1.Nine Hereditary Movement Disorders First Described in Asia: Their History and Evolution
Priya JAGOTA ; Yoshikazu UGAWA ; Zakiyah ALDAAJANI ; Norlinah Mohamed IBRAHIM ; Hiroyuki ISHIURA ; Yoshiko NOMURA ; Shoji TSUJI ; Cid DIESTA ; Nobutaka HATTORI ; Osamu ONODERA ; Saeed BOHLEGA ; Amir AL-DIN ; Shen-Yang LIM ; Jee-Young LEE ; Beomseok JEON ; Pramod Kumar PAL ; Huifang SHANG ; Shinsuke FUJIOKA ; Prashanth Lingappa KUKKLE ; Onanong PHOKAEWVARANGKUL ; Chin-Hsien LIN ; Cholpon SHAMBETOVA ; Roongroj BHIDAYASIRI
Journal of Movement Disorders 2023;16(3):231-247
Clinical case studies and reporting are important to the discovery of new disorders and the advancement of medical sciences. Both clinicians and basic scientists play equally important roles leading to treatment discoveries for both cures and symptoms. In the field of movement disorders, exceptional observation of patients from clinicians is imperative, not just for phenomenology but also for the variable occurrences of these disorders, along with other signs and symptoms, throughout the day and the disease course.
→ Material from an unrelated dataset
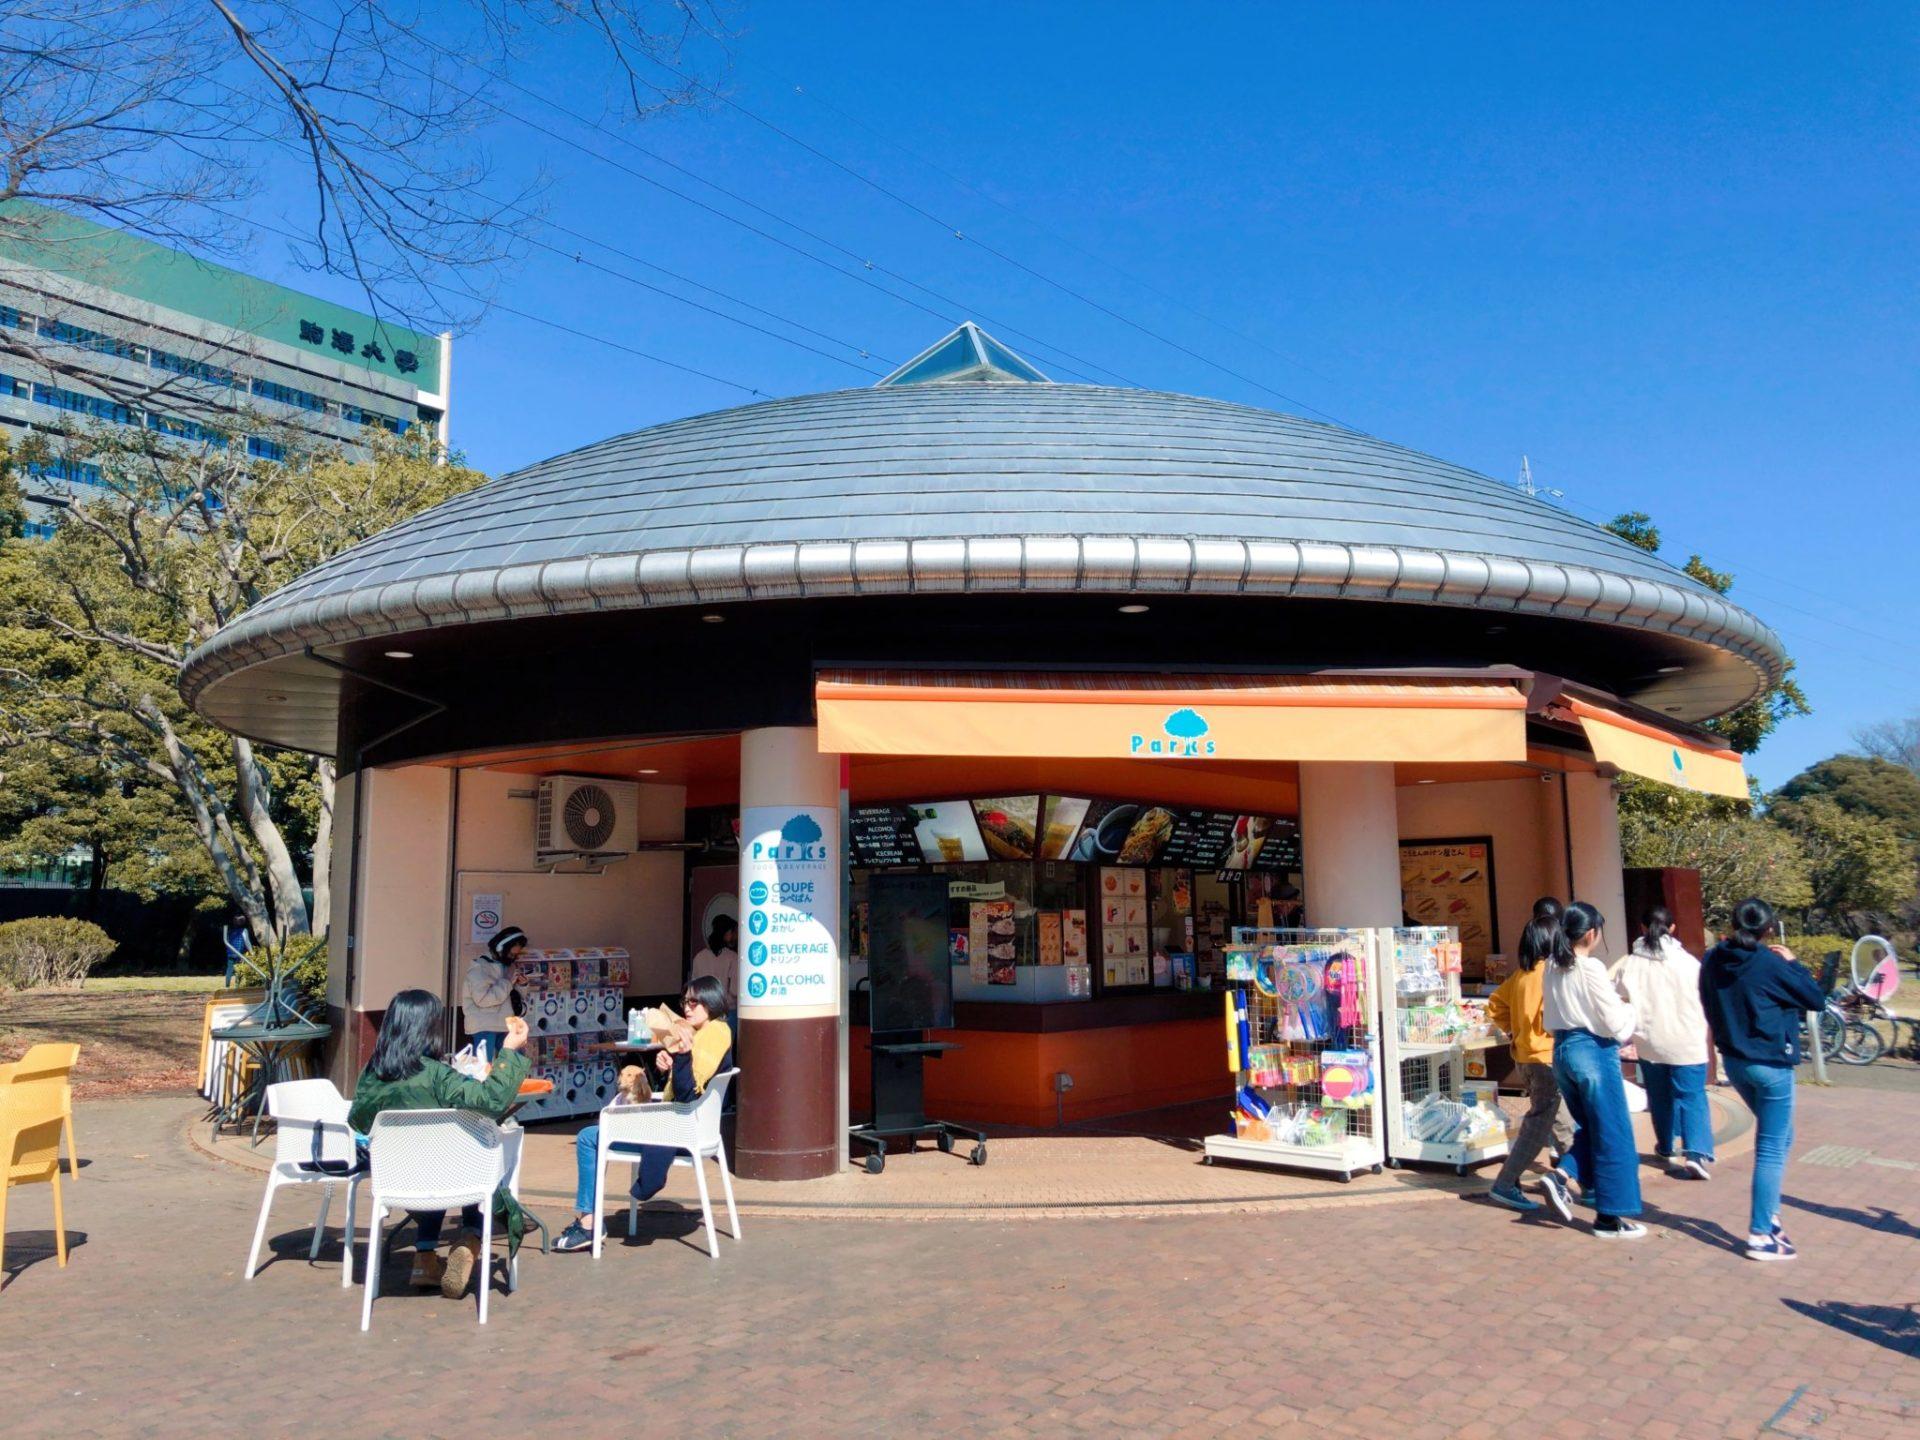 駒沢公園内にある売店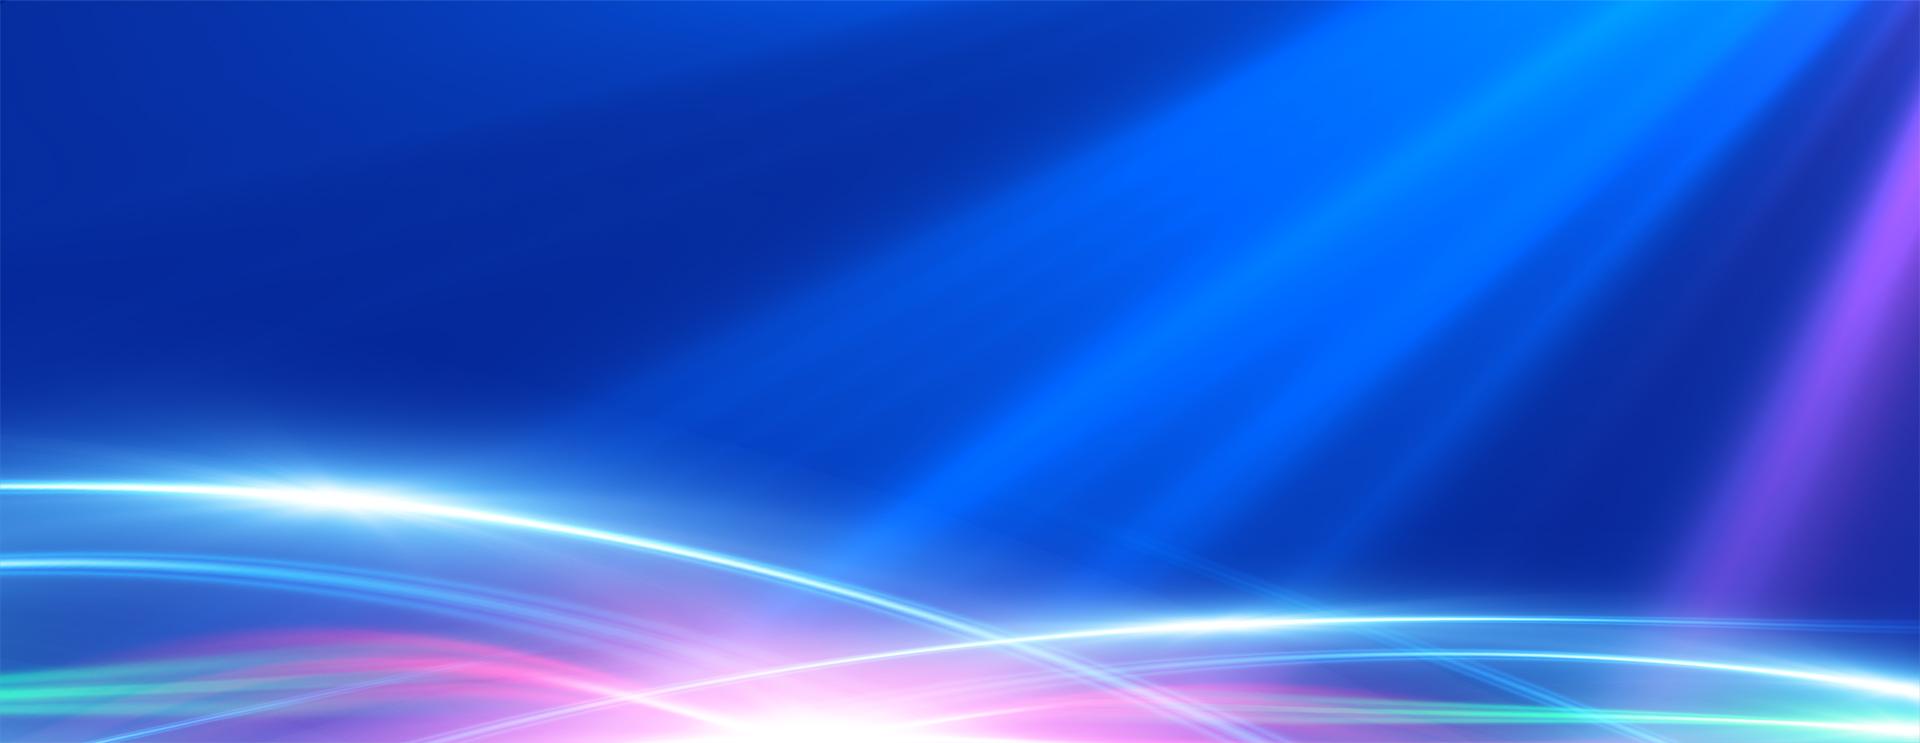 ลำแสงสีฟ้าพื้นหลัง

The Movement Disorders in Asia Task Force (TF) was formed to help enhance and promote collaboration and research on movement disorders within the region. As a start, the TF has reviewed the original studies of the movement disorders that were preliminarily described in the region. These include nine disorders that were first described in Asia: Segawa disease, PARK-Parkin, X-linked dystonia-parkinsonism, dentatorubral-pallidoluysian atrophy, Woodhouse-Sakati syndrome, benign adult familial myoclonic epilepsy, Kufor-Rakeb disease, tremulous dystonia associated with mutation of the calmodulin-binding transcription activator 2 gene, and paroxysmal kinesigenic dyskinesia. We hope that the information provided will honor the original researchers and help us learn and understand how earlier neurologists and basic scientists together discovered new disorders and made advances in the field, which impact us all to this day.